EDIT - After making suggested changes the query is slower than before. What ran in 10m 44s is currently at 30m and still running.
I made all of the requested changes except I did not change name of date in Date_Master and I did not drop the QPDate column from QP_Hist. (I have reasons for this and do not see it impacting the performance since I'm not referring to it in the query.)
REVISED QUERY
select x.symbol, x.dmdseqkey, avg(y.volume) as moving_average
from dbo.QP_HISTORY as x
join dbo.QP_HISTORY as y on (x.dmdseqkey between y.dmdseqkey and (y.dmdseqkey + 29))
and (y.symbol = x.symbol)
where x.dmdseqkey >= 20000
group by x.symbol, x.dmdseqkey
order by x.dmdseqkey desc ;
PK on QP_History
ALTER TABLE [dbo].[QP_HISTORY]
ADD CONSTRAINT [PK_QP_HISTORY] PRIMARY KEY CLUSTERED ([Symbol] ASC, DMDSeqKey] ASC)
FK on QP_History
ALTER TABLE [dbo].[QP_HISTORY] ADD CONSTRAINT [FK_QP_HISTORY_DATE_MASTER] FOREIGN KEY([DMDSeqKey]) REFERENCES [dbo].[DATE_MASTER] ([dseqkey])
PK on Date_Master
ALTER TABLE [dbo].[DATE_MASTER]
ADD CONSTRAINT [PK_DATE_MASTER] PRIMARY KEY CLUSTERED ([dseqkey] ASC)
EDIT
HERE IS THE EXECUTION PLAN
First, separate join an filter.
(edit: fixed ON clause)
SELECT x.symbol, x.dseqkey, AVG(y.VOLUME) moving_average
FROM
STOCK_HIST x
JOIN
STOCK_HIST y ON x.dseqkey BETWEEN y.dseqkey AND y.dseqkey+29
AND Y.Symbol=X.Symbol
WHERE x.dseqkey>=29
GROUP BY x.symbol, x.dseqkey
ORDER BY x.dseqkey DESC
Also, what indexes do you have - I'd suggest an index on (dseqkey, symbol) INCLUDE (VOLUME)
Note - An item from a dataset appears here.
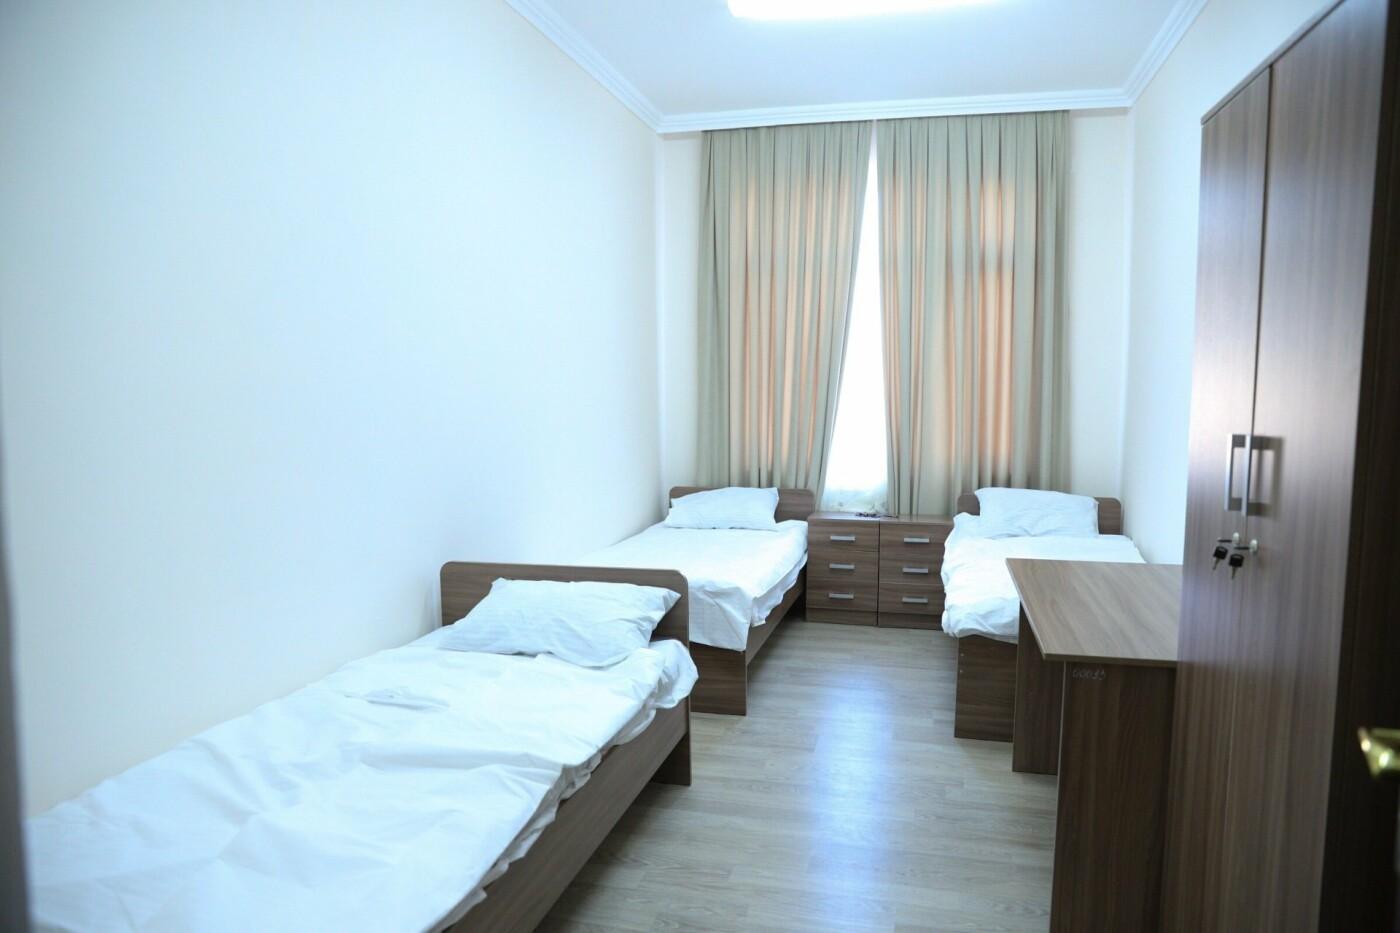 Общежитие для студентов на 210 мест открыли в Актау, фото-3

Edit 3: you can't have an INCLUDE in a clustered index, my bad. Your syntax is OK.
Please try these permutations... the aim is find the best index for the JOIN and WHERE, followed with the ORDER BY.
CREATE UNIQUE CLUSTERED INDEX [ix_STOCK_HIST] ON [dbo].[STOCK_HIST] (...
...[Symbol] ASC, [dseqkey] ASC, [Volume] ASC )
...[dseqkey] ASC, [Symbol] ASC, [Volume] ASC )
...[Symbol] ASC, [dseqkey] DESC, [Volume] ASC )
...[dseqkey] DESC, [Symbol] ASC, [Volume] ASC )
SQL Server does not support LAG or LEAD clauses available in Oracle and PostgreSQL, neither does it support session variables like MySQL.
Calculating aggregates against moving windows is a pain in SQL Server.
So God knows I hate to say this, however, in this case a CURSOR based solution may be more efficient.
try putting a clustered index on the view. that will make the view persisted to disk like a normal table and your tables won't have to be accessed every time.
that should speed things up a bit.
for better answer please post the link to your original question to see if a better solution can be found.
OK, so I'll start from the end. I would like to achieve this model.
With this in place, you can run the query on the history table directly, no need for the view and join to the dbo.DATE_MASTER.
select
x.symbol
, x.dseqkey
, avg(y.volume) as moving_average
from dbo.QP_HISTORY as x
join dbo.QP_HISTORY as y on (x.dSeqKey between y.dSeqKey and (y.dSeqKey + 29))
and (y.symbol = x.symbol)
where x.dseqkey >= 15000
group by x.symbol, x.dseqkey
order by x.dseqkey desc
OPTION (ORDER GROUP) ;
The QP_HISTORY is narrower than the STOCK_HISTORY view, so the query should be faster. The "redundant column removal" from joins is scheduled for the next generation of SQL Server (Denali), so for the time being narrower usually means faster -- at least for large tables. Also, the join on .. and the where clause nicely match the the PK(Symbol, dSeqKey).
Now, how to achieve this:
a) Modify the [date] column in dbo.DATE_MASTER to be if the type date instead of datetime. Rename it FullDate to avoid confusion. Not absolutely necessary, but to preserve my sanity.
b) Add PK to the dbo.DATE_MASTER
alter table dbo.DATE_MASTER add constraint primary key pk_datemstr (dSeqKey);
c) In the table QP_HISTORY add column dSeqKey and populate it for matching QPDate dates.
d) Drop the QPDate column from the table.
e) Add PK and FK to the QP_HISTORY
alter table dbo.QP_HISTORY
add constraint pk_qphist primary key (Symbol, dSeqKey)
, add constraint fk1_qphist foreign key (dSeqKey)
references dbo.DATE_MASTER(dSeqKey) ;
f) Drop all those indexes mentioned at the end ouf your question, at least for the time being.
g) I do not see the size of the Symbol field. Define it as narrow as possible.
h) Needles to say, implement and test this on a development system first.